Estimation of liver respiratory motion using a surrogate signal based on a Deep Learning approach

Liver intervention can become a challenging task due to the respiration induced motion. The latter causes misalignment between the interventional mapping obtaining pre-treatment and the changed anatomical parameters during application phase (liver biopsy or radiotherapy) leading to increased damage of healthy tissue as well as inaccurate targeting of hepatic tumors. In the presented work, Respiratory Motion Estimation is exploited where using external signals (surrogates), it is possible to estimate the liver actual motion.
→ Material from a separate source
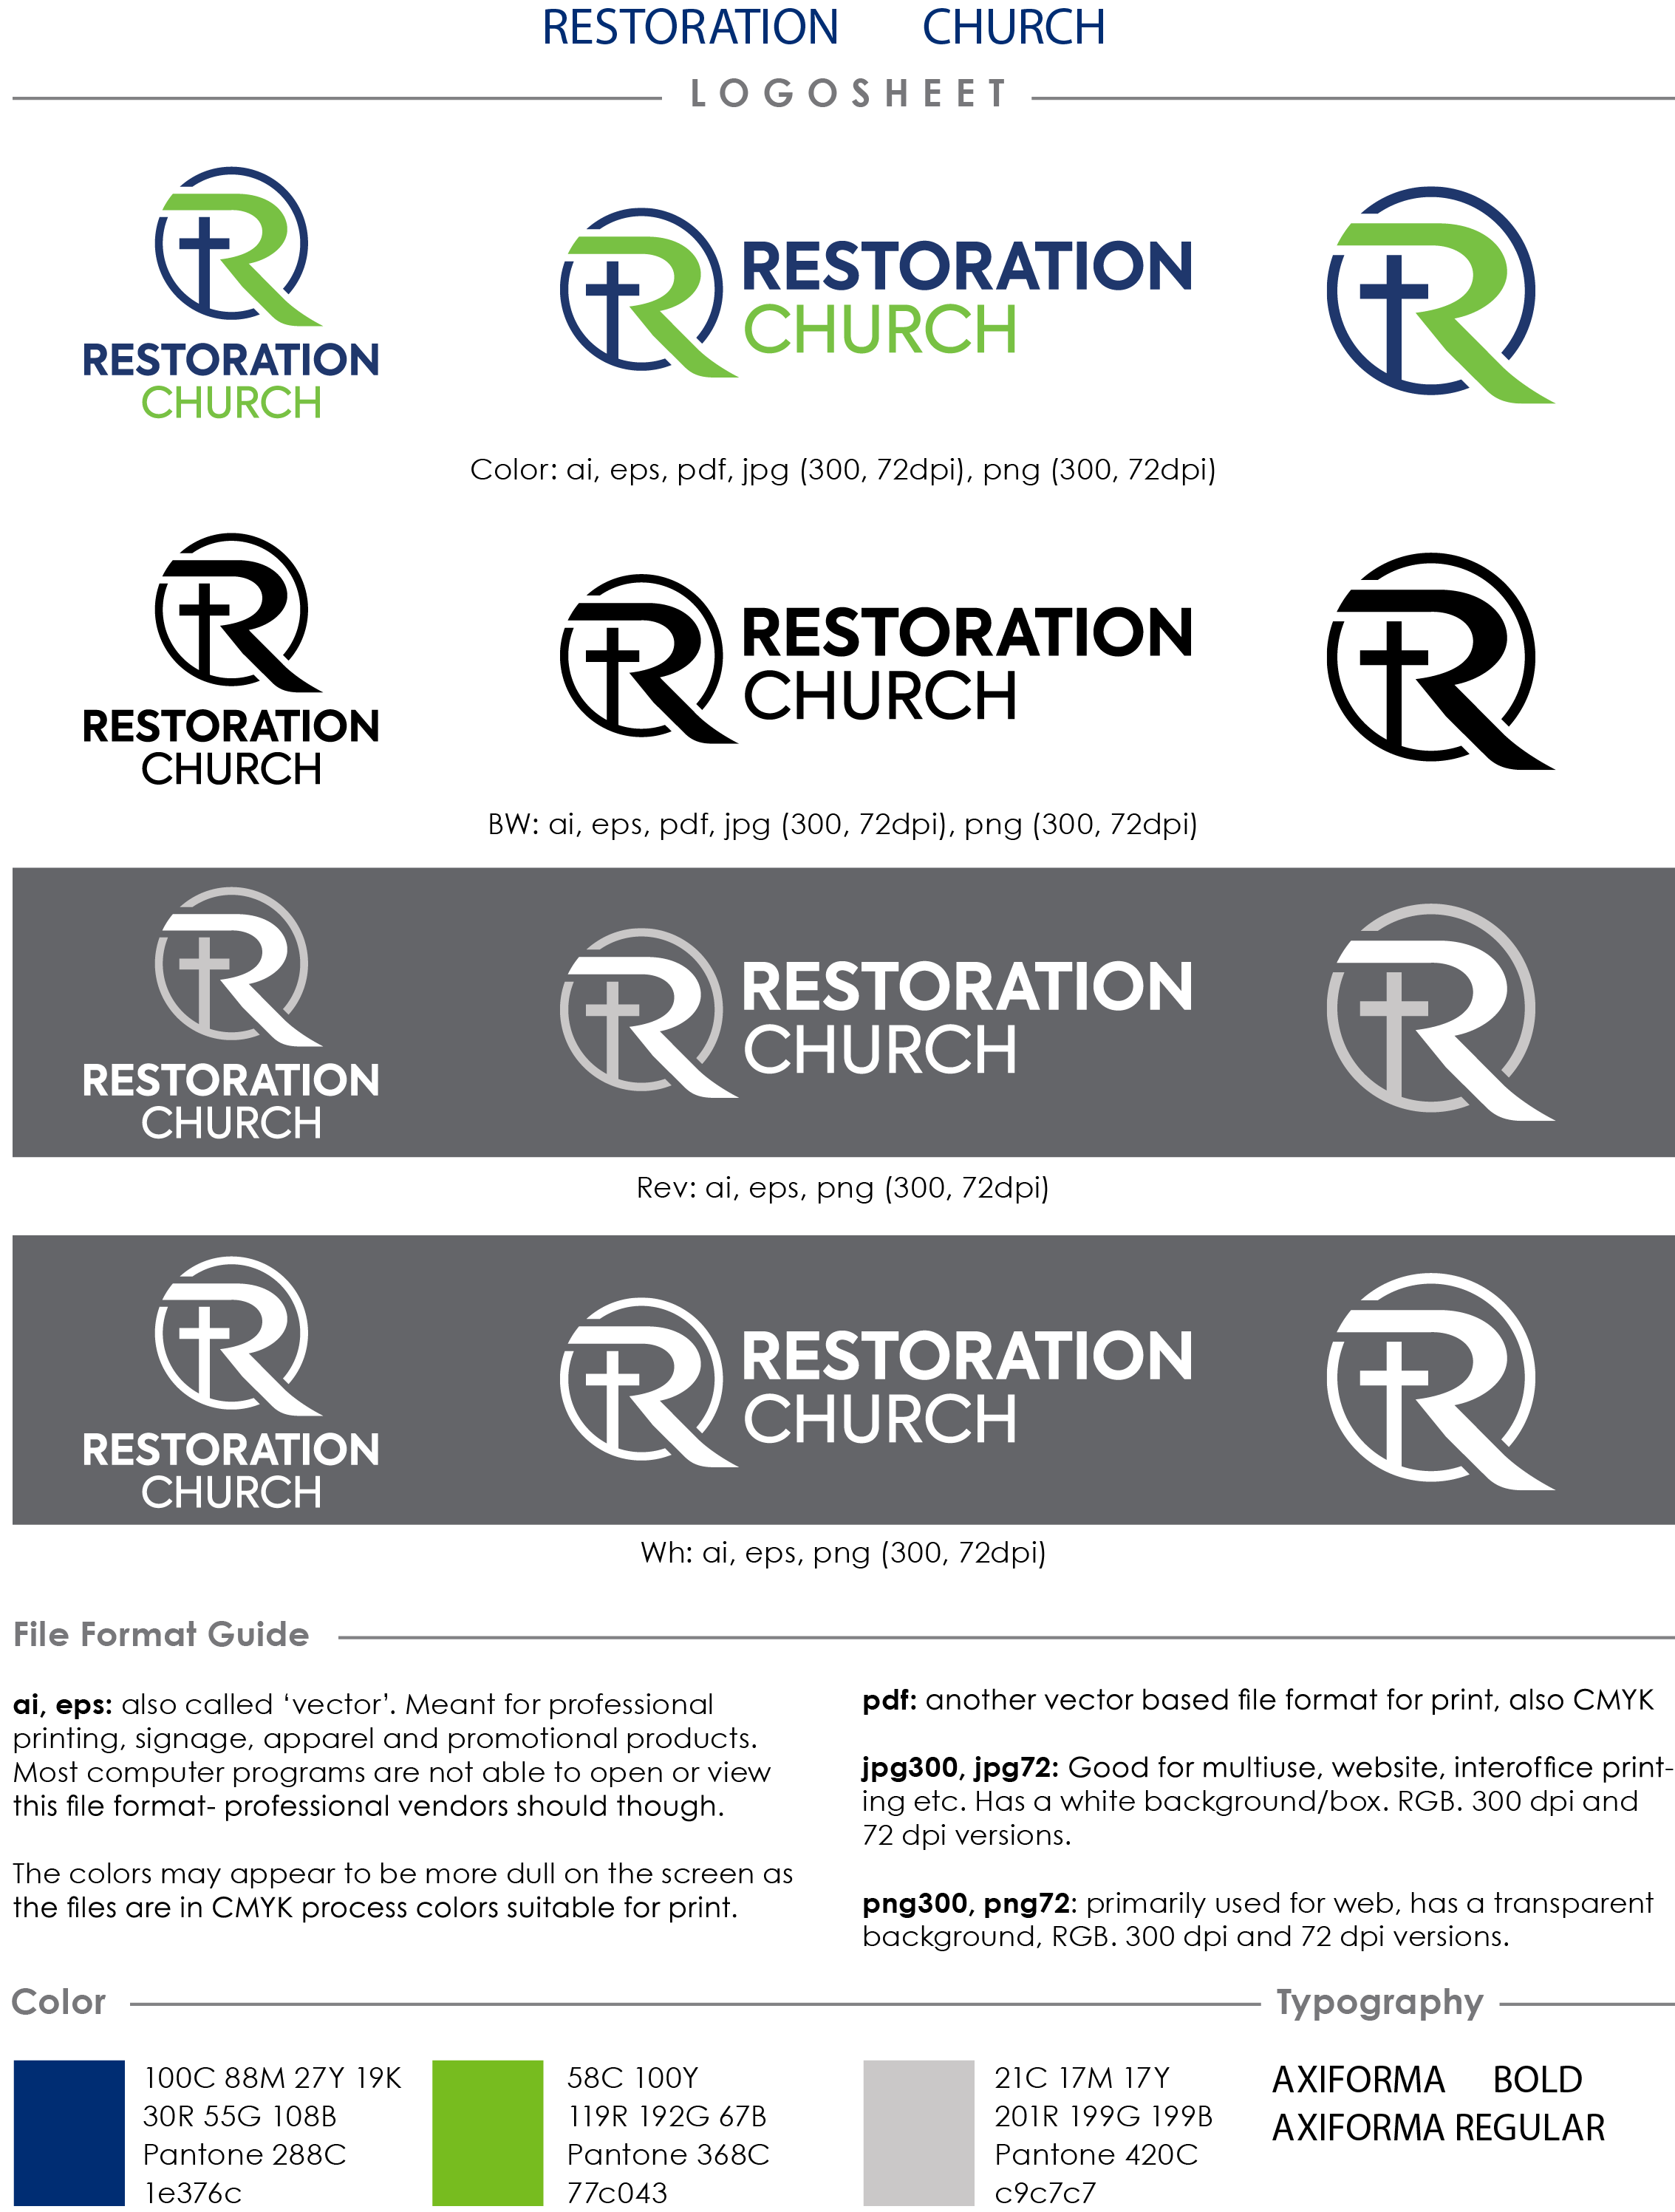 Restoration-Logosheet.png

The proposed work has been evaluated in several breathing patterns in comparison with previous studies making usage of ultrasound (US) sensor as surrogate, placed on the human’s abdominal region. Next, three regression models (simple linear regression, polynomial fitting, single layer perceptron) were utilized to correlate the liver motion with the US signal and consequent trained to estimate the superior-inferior (SI) motion of the liver upper border available in 2D Magnetic Resonance Imaging (MRI) sagittal images. Additionally, extending the conventional framework and taking advantage of Deep Learning (DL) and more specifically Long Short-Term Memory (LSTM) networks, it is feasible to predict the liver motion in a short future state combined with a classifier that can detect the performed respiration type.

The proposed DL approach has been validated in MRI on ten healthy human subjects when the findings revealing an estimation of the liver motion in SI direction with a Root Mean Square Error (RMSE) accuracy below 1.2 ± 0.2 mm (95% CI) and a capability of liver motion prediction for 6 sec ahead.